Rigorous data cleaning and preparation was performed to drop the players who no longer play and have incomplete data by dropping rows that had certain values as 0 or NaN. Feature engineering was used to split singles feature columns, that held multiple values origanally in the same html element.
Data was stored in a MySQL database on my local machine. Inicially I used PyMySql to connect to my DB and load all the data into is respective tables such as, players, teams, positions and game-stats. I also did the same using SSIS to create a package that would run the python scripts and load the data into the database. I then created a View that combined all the tables into one table for easy access and exporing.
With this loaded dataset I performed Exploritory data analysis using various tools such as pythons plotly/seaborn. I utilized visualization and statistical methods to understand data patterns, relationships, and anomalies, aiming to derive initial insights for subsequent analysis. Top performing players and defenses were found and stat trends shown.
After exploring the data I found found various insights usefule to fantasy football enjoyers and created various dashboards using Tableau and Power BI where these insights could be seen and used. These dashboards provide uses the abilty to make informed descisions on which players were most likey to sucess on a case by case senario. (Linked to these can be found on the projects secion of the home page)

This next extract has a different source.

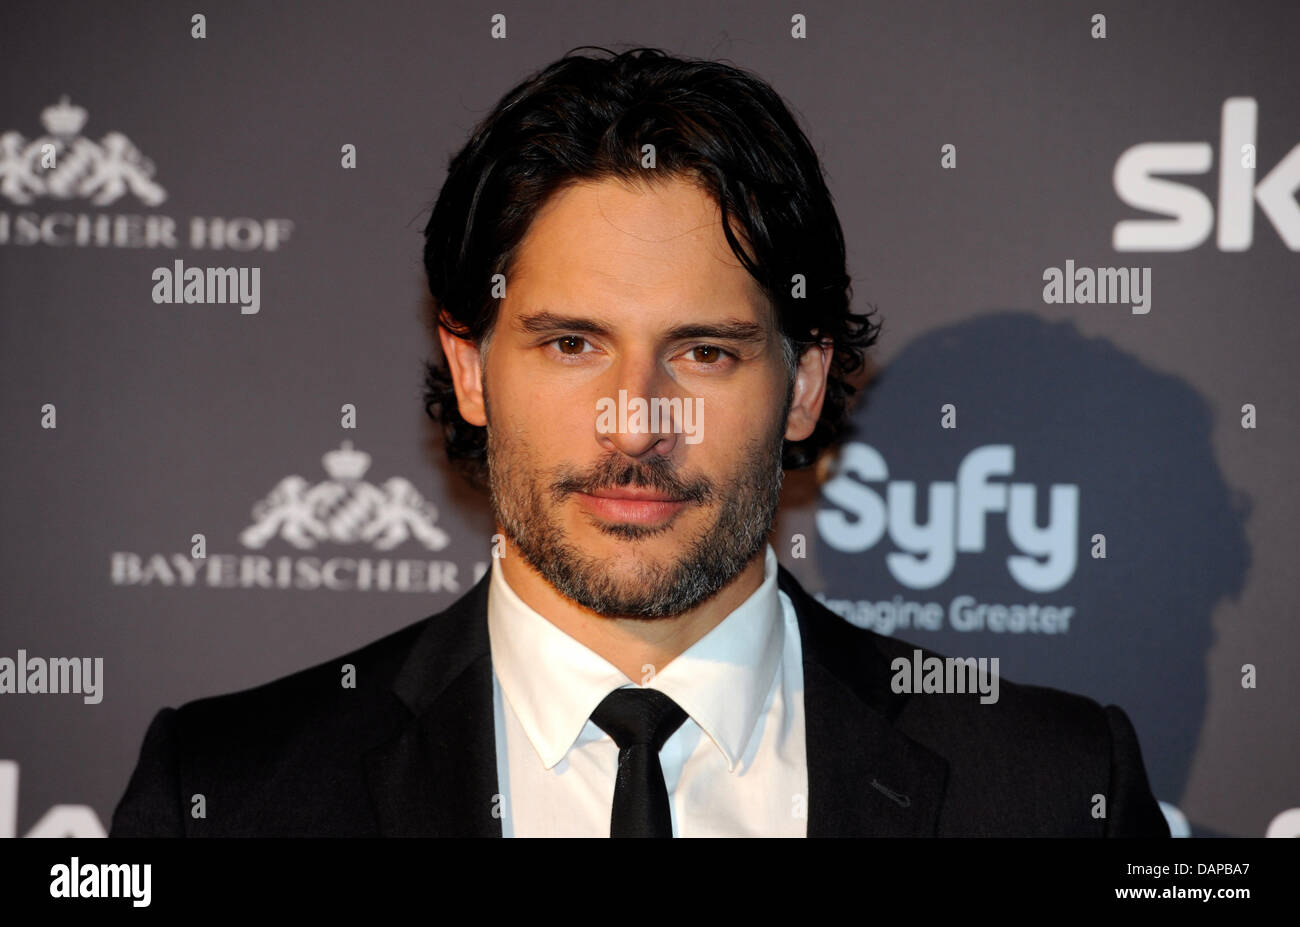 The protagonist Joe Manganiello arrives for the German premiere of the fourth season of the series 'True Blood' in Munich, Germany, 08 August 2011. The fourth season of the US-series will be aired in Germany beginning of 2012 on Syfy. Photo: Tobias Hase Stock Photo

Various methods were used to shared the outcomes of this project. I developed various apis to share the model predictions made by the ML model. Another API using dash way purely visual to provid users a easy way to explore and filter the data. I also posted my tableau dashboards on tableau public for viewing.
Most players information was combined to train the same model expect for the defensive team beause it has stats that are so different then individual players. I also needed a way to show the model that certian player had 0 points because they were injured so I added a binary column to show if they were injured or not. For my model I used xgBoost and used Mean Average Precision as the loss metric. After only 5 weeks of training data this season, I was able to acheive a MAP score of 4.56, which is great considering the volatility of football stats and games.